Наделяя домашних подарками, он долго и подробно рассказывал о дороге, о торге, о людских тревогах в Москве.
Жена Евдокия изумленно ахала, прижимала ладони к щекам. Сама она не выезжала дальше Звенигорода, и Якушкино путешествие в Москву казалось ей делом необычным и опасным.
А потом жизнь Якушки опять вошла в привычный дневной оборот, доверху заполненный бесконечными домашними заботами, потекла ровно и бездумно, как раньше. Казалось, холмы и сосновые леса, окружавшие Дютьково, надежно отгородили Якушкин двор от тревог и беспокойной маеты большого мира.
2
Всполошенной черной тучей сорвались с кровель вороны и закружились, отчаянно каркая, над градом Звенигородом. Соборный звонарь Пров Звонило раскачивал чугунный язык большого колокола: бум-м! Бум-м! Бум-м!..

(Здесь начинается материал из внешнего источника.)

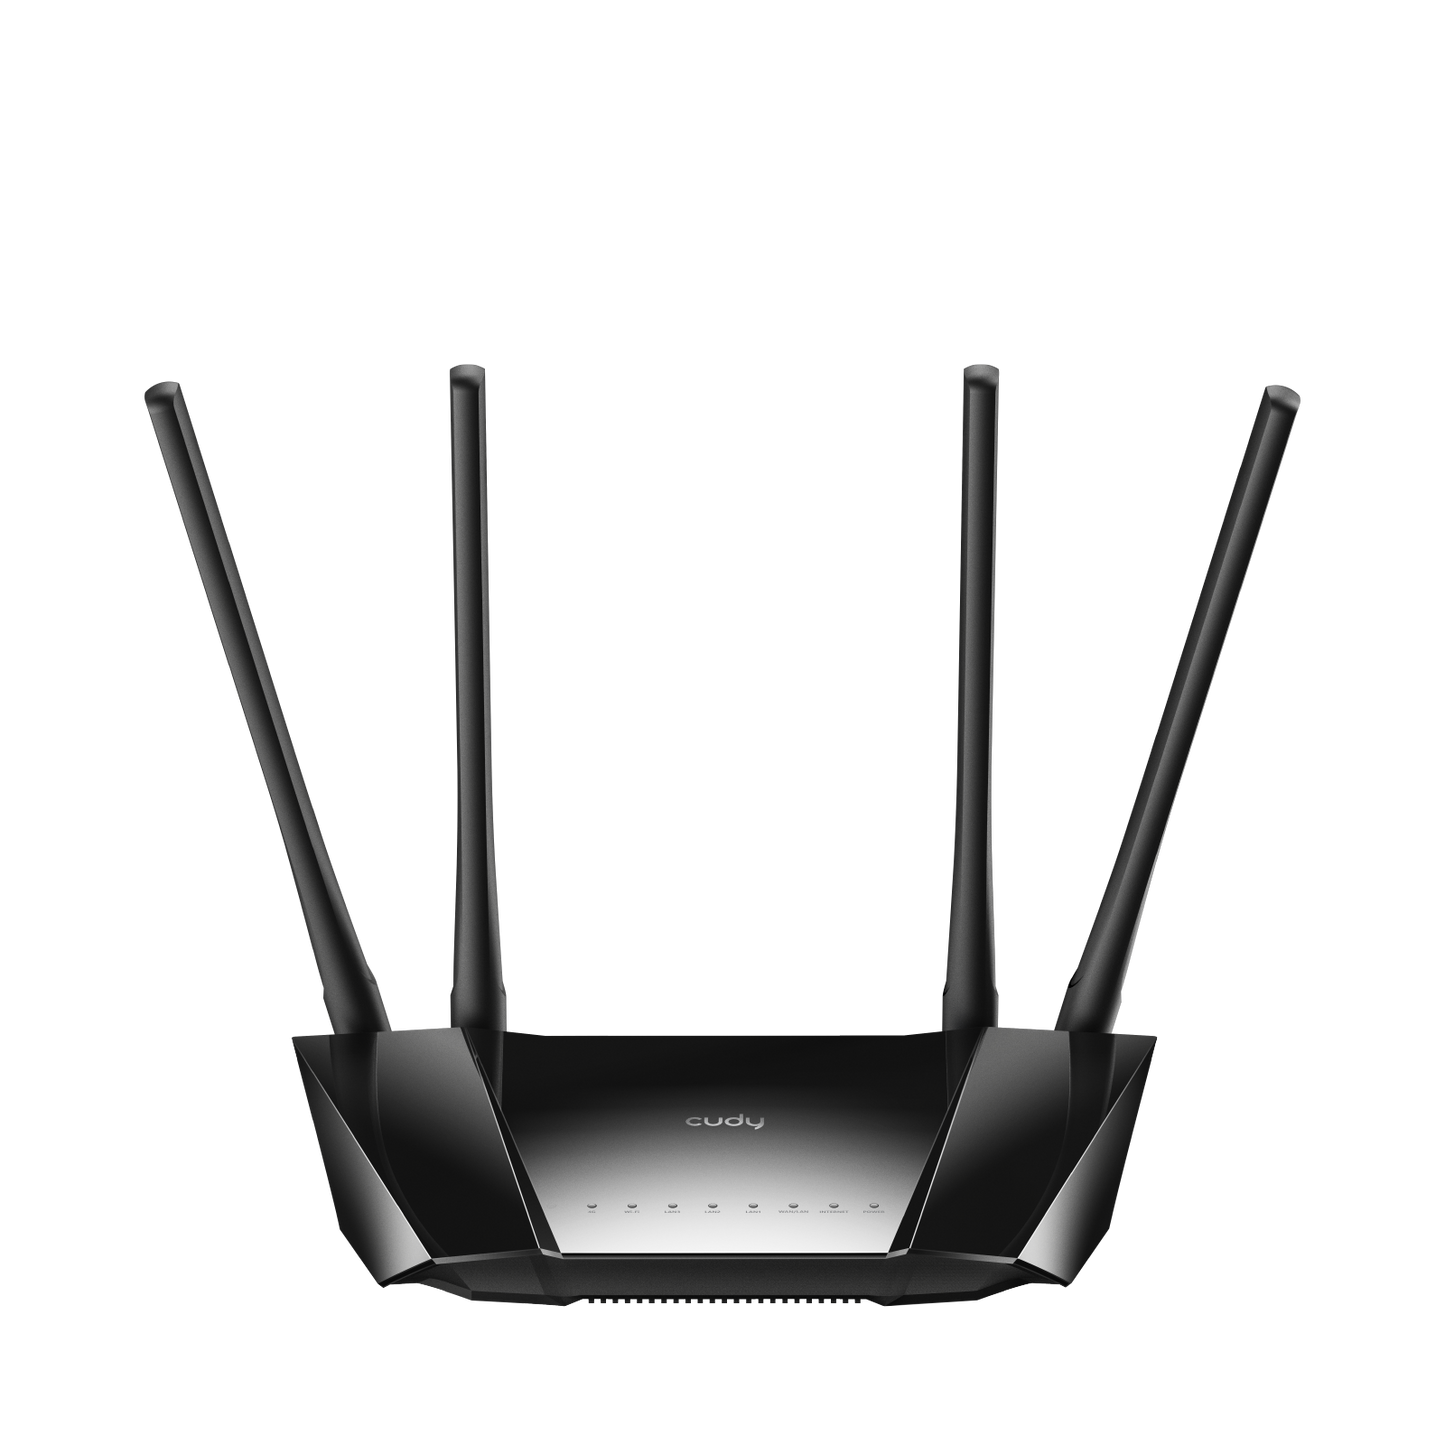 4G N300 Wi-Fi Router, LT400 1.0

Возле звонаря суетился воеводский тиун Износок Губастый, путался в веревках малых колоколов, кричал под руку:
— Громче! Набатным звоном! Чтоб в дальних деревнях слышно было! Татары ведь идут, татары!
И катился набатный колокольный звон над полями за Москвой-рекой, над сосновыми лесами, над покатыми спинами холмов, над заснувшими подо льдом озерами.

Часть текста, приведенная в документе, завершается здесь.